◆ GIVEN DATA ◆

■ ■ ■

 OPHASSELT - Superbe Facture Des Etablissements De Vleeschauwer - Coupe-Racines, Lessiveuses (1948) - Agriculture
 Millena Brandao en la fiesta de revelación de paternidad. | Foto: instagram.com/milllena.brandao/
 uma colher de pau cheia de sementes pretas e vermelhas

■ ■ ■

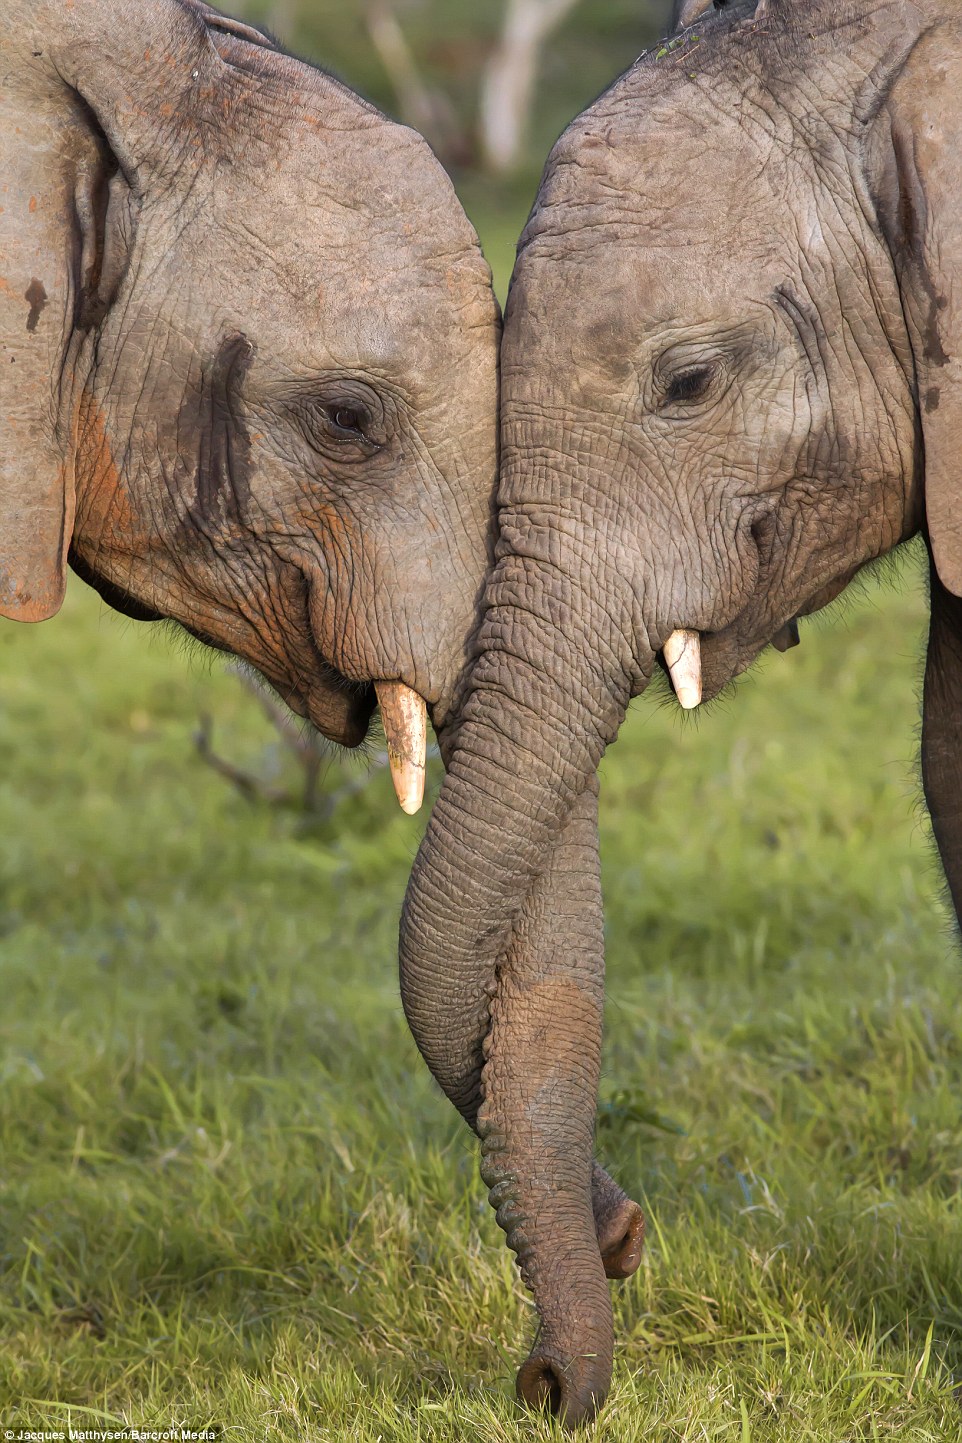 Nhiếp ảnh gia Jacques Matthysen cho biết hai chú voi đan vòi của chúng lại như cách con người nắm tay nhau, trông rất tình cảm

■ ■ ■

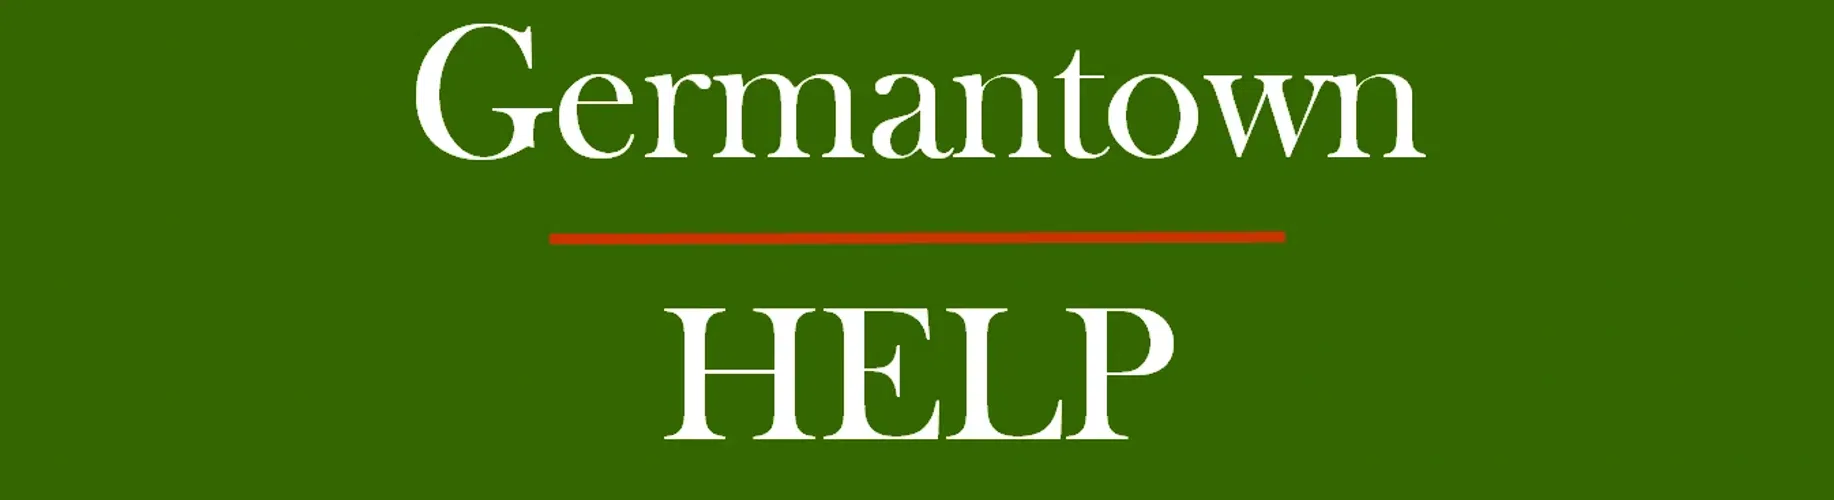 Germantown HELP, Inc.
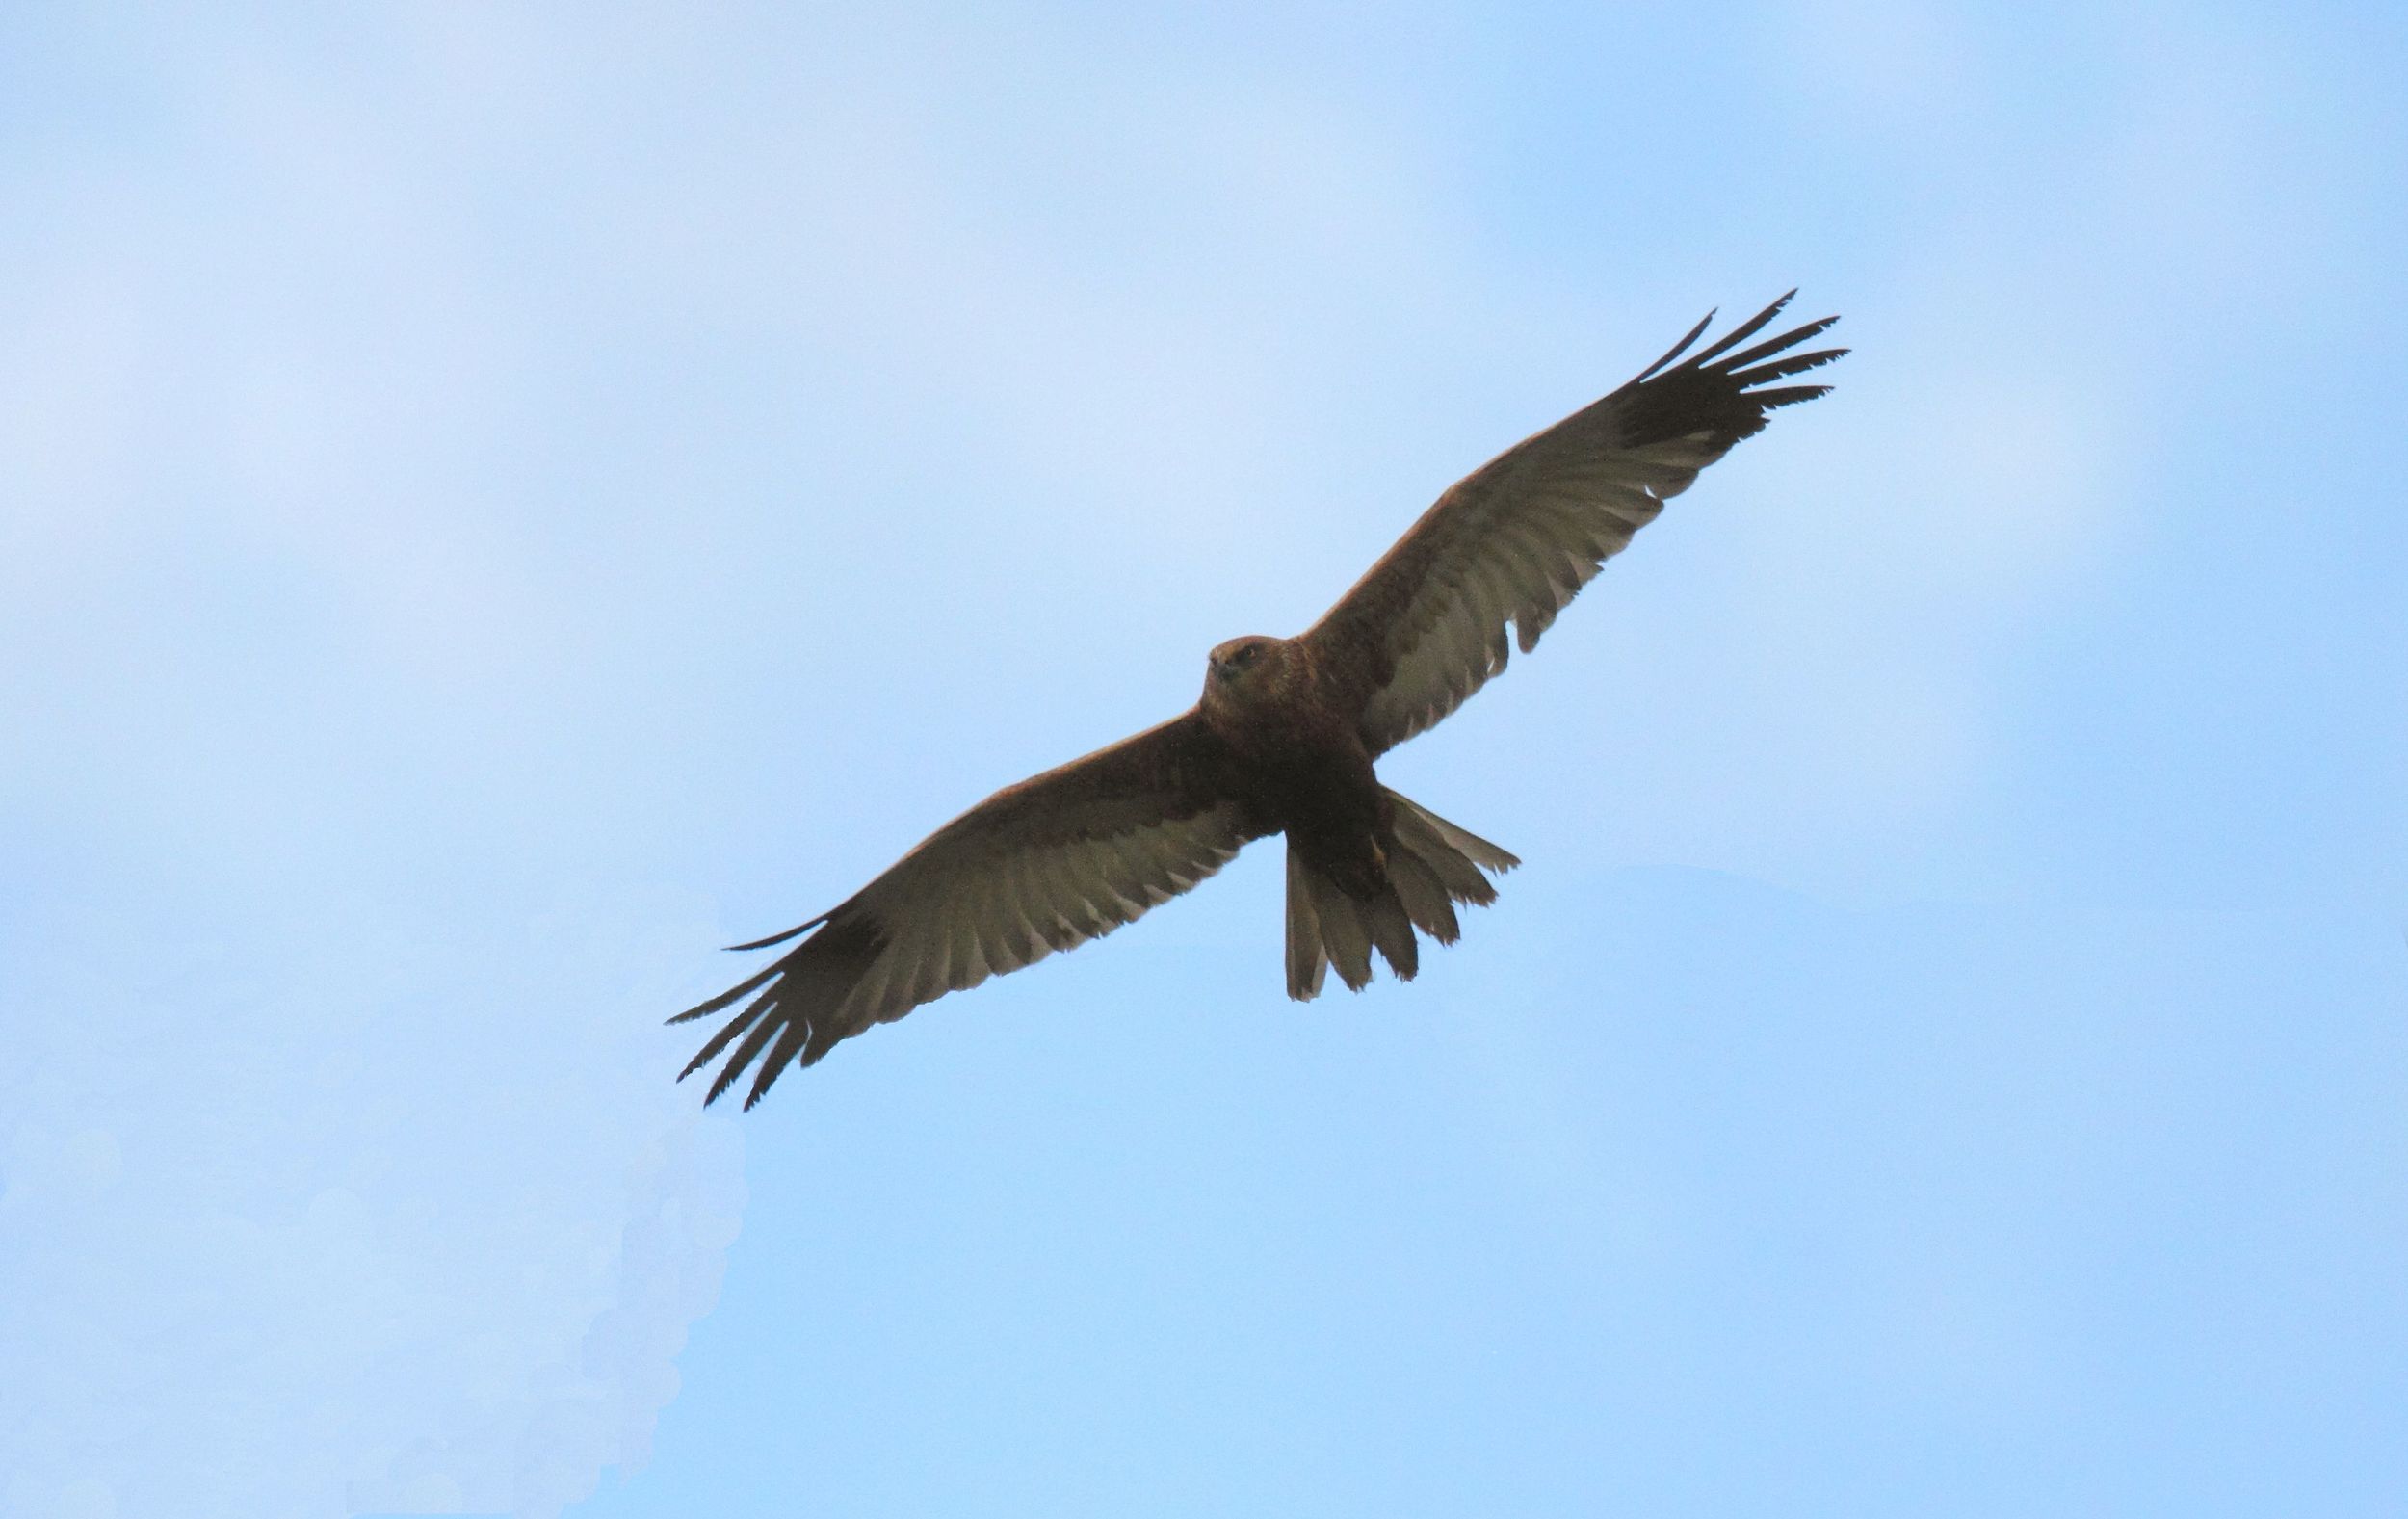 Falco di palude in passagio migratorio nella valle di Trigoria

■ ■ ■

◆ TO DO ◆
Retype the entries above exactly, but only from the line containing "Millena Brandao en" through the line containing "uma colher de", both included.

◆ RESPONSE TO THIS EXERCISE ◆
 Millena Brandao en la fiesta de revelación de paternidad. | Foto: instagram.com/milllena.brandao/
 uma colher de pau cheia de sementes pretas e vermelhas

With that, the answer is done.